1 Construct Definition

Constructs are the means by which science orders observations. We take it on faith that the universe of our observations can be ordered and subsequently understood with a comparatively small number of constructs or inferred organizing influences. Observations are aggregated and constructs created through the mental process of abstraction and induction. When we observe a group of children and describe some of the children as more aggressive than others, we employ a construct. We create the construct “aggression” by observing that certain behaviors tend to vary together and this pattern of covariation among observations we come to designate as aggression. In describing the differences in behavior among children, we might conclude that one child is much more aggressive than other children. We arrive at this conclusion informally by summing up the frequency of observed aggressive acts and we use the total score as an index of each child’s level of aggression. These total scores are then compared and we arrive at decisions about each child.

This process of weighting individual observations, aggregating the observations into a total score and then checking the quality of the construct score by determining how well the total score can predict the original observations happens so fast and so frequently and works so well in our everyday lives, that there is seldom need to reflect critically on the process itself. The search for pattern or regularity among observations is, it seems, just as central to our daily lives as it is to scientific activity. Perhaps because the process of observation, abstraction and construct formation is so fundamental to daily functioning, it is taken for granted in behavioral science research. Often observations in the form of questionnaire items and test questions are aggregated without adequately examining the assumptions and implications inherent in the summation and averaging procedures. The simple fact that observations are combined and a total score computed means that we entertain a hypothesis that the observations are in some way related to one another. If the observations are uncorrelated, then combining them into a total score is a meaningless undertaking, since the total or construct score will carry no information about the original observations and consequently will be of no value in explaining anything else. If, however, the observations are correlated, then the construct score has meaning. Precisely what meaning depends upon the perceived nature of the organizing influences responsible for the correlations among observations.

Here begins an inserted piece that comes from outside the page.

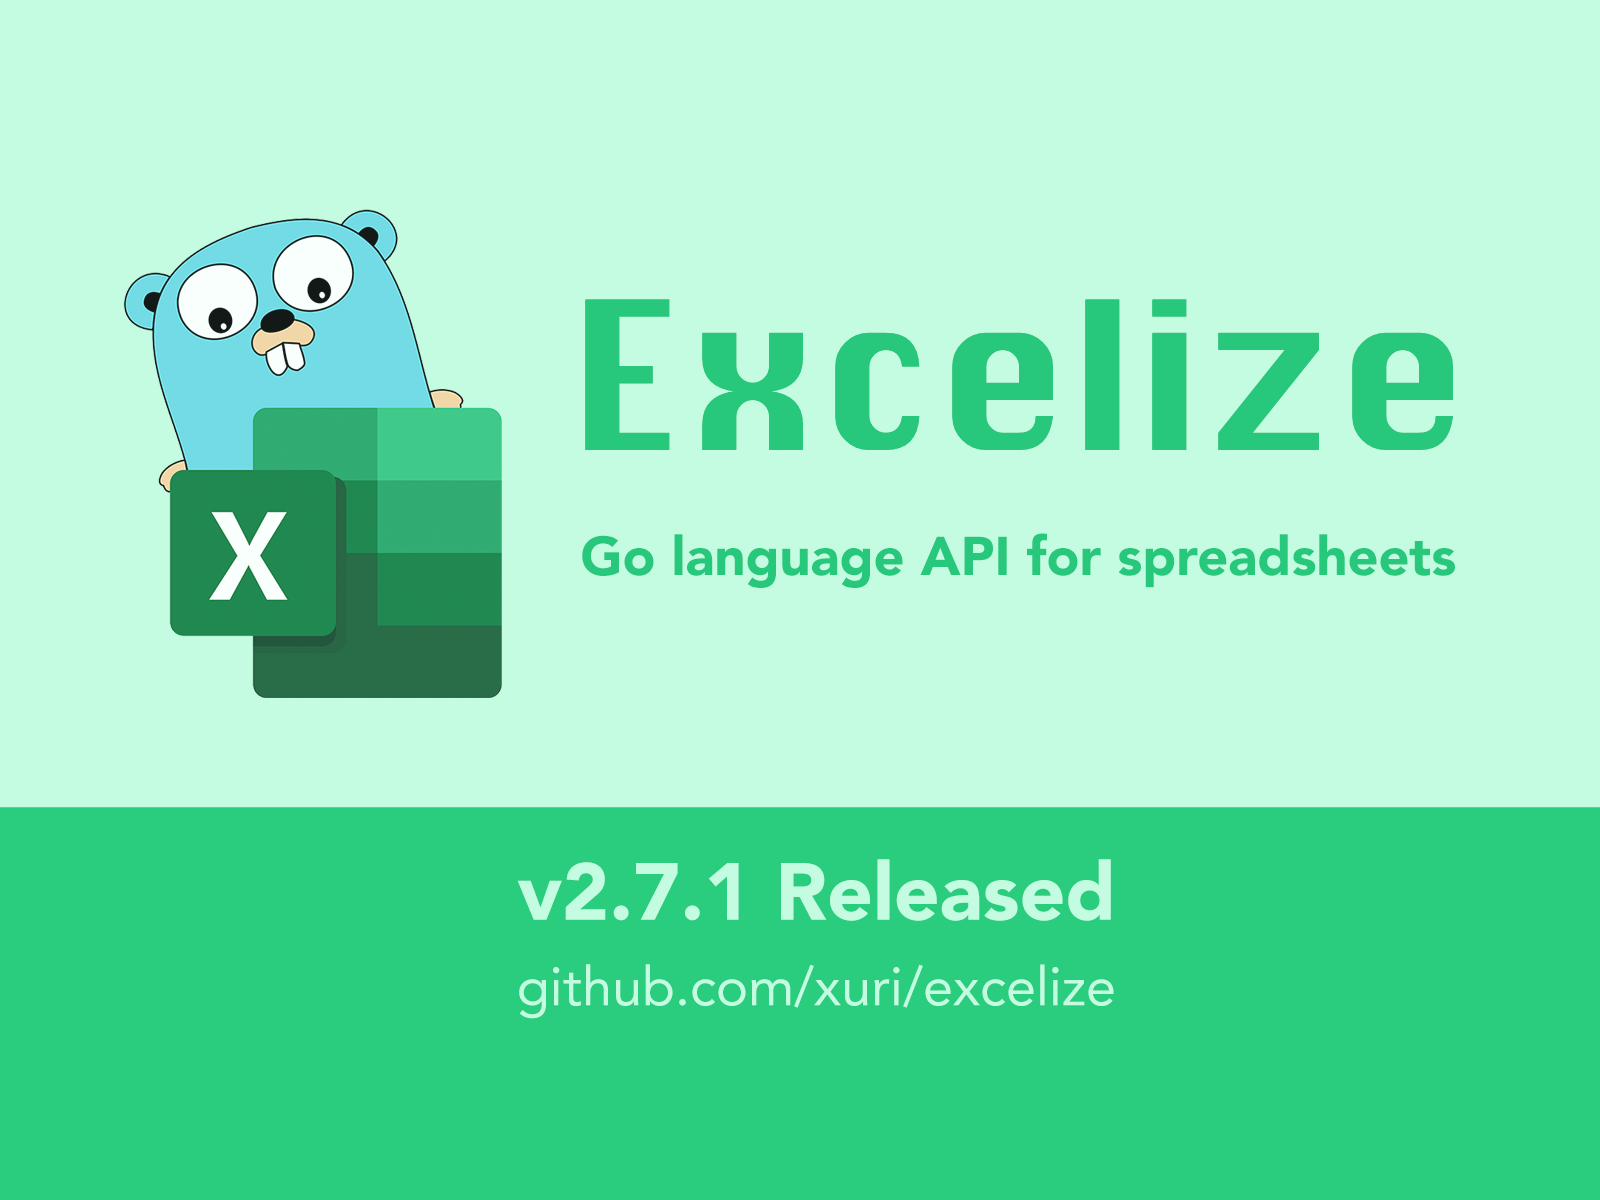 Excelize 发布 2.7.1 版本

A construct then is a theory which expresses how its inventor “construes” a set of interrelated observations. Construct labels (e.g., career maturity, occupational information, career decision making) serve as shorthand expressions for hypotheses regarding the nature of the predominant organizing influences responsible for correlations among observations.

What constitutes an observation? In career education measurement the most common “observation” would be a person’s response to a test or rating item. Such observations provide information about a person's placement on a scale and serves as an indicant of the extent to which the subject possesses the attribute or trait being measured. A set of such indicants (items) comprises an instrument. The underlying structure or organizing influence operating on these observations is often determined by some combination of statistical structural analysis, e.g., factor analysis, and a logical analysis of the item content. Corroboration of the underlying structure is then frequently sought by confirmation via hypothesis testing and correlations with other instruments measuring conceptually similar and dissimilar constructs.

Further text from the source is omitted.